The input:
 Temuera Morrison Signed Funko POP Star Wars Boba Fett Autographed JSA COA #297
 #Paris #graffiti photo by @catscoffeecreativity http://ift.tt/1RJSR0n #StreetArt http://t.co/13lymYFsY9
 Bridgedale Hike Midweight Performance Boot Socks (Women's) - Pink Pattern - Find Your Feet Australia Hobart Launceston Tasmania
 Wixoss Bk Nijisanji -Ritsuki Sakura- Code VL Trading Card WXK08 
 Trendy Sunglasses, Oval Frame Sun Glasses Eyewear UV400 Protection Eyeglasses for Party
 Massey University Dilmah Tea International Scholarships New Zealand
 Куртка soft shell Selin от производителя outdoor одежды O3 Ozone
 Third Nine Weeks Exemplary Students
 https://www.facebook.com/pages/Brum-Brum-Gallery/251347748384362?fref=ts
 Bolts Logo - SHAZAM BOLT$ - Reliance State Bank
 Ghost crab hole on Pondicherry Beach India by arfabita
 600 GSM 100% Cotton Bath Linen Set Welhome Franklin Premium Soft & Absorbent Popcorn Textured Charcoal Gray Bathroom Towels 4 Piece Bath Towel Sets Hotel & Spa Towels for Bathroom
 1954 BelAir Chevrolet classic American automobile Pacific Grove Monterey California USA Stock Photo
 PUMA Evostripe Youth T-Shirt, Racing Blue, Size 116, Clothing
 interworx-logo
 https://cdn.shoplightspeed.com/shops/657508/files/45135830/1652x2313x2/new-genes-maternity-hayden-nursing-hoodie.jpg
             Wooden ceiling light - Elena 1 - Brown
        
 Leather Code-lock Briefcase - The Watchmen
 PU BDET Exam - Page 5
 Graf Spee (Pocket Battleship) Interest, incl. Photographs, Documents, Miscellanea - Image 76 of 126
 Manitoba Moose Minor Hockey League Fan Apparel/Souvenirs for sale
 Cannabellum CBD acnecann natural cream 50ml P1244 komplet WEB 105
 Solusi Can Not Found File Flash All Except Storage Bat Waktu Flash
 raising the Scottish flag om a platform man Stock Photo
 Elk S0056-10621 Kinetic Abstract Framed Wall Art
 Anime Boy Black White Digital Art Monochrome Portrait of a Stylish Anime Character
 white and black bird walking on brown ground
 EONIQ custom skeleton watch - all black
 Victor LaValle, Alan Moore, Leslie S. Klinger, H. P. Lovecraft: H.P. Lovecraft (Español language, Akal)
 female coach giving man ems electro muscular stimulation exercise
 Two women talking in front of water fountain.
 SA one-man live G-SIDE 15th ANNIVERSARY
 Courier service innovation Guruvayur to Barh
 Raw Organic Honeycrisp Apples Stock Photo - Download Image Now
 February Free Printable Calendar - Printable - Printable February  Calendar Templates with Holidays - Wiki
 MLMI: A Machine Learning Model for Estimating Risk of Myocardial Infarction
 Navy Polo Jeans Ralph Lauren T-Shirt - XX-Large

What the task requires:
Show the lines of the data that hold the word "https".

Completed exercise:
 https://www.facebook.com/pages/Brum-Brum-Gallery/251347748384362?fref=ts
 https://cdn.shoplightspeed.com/shops/657508/files/45135830/1652x2313x2/new-genes-maternity-hayden-nursing-hoodie.jpg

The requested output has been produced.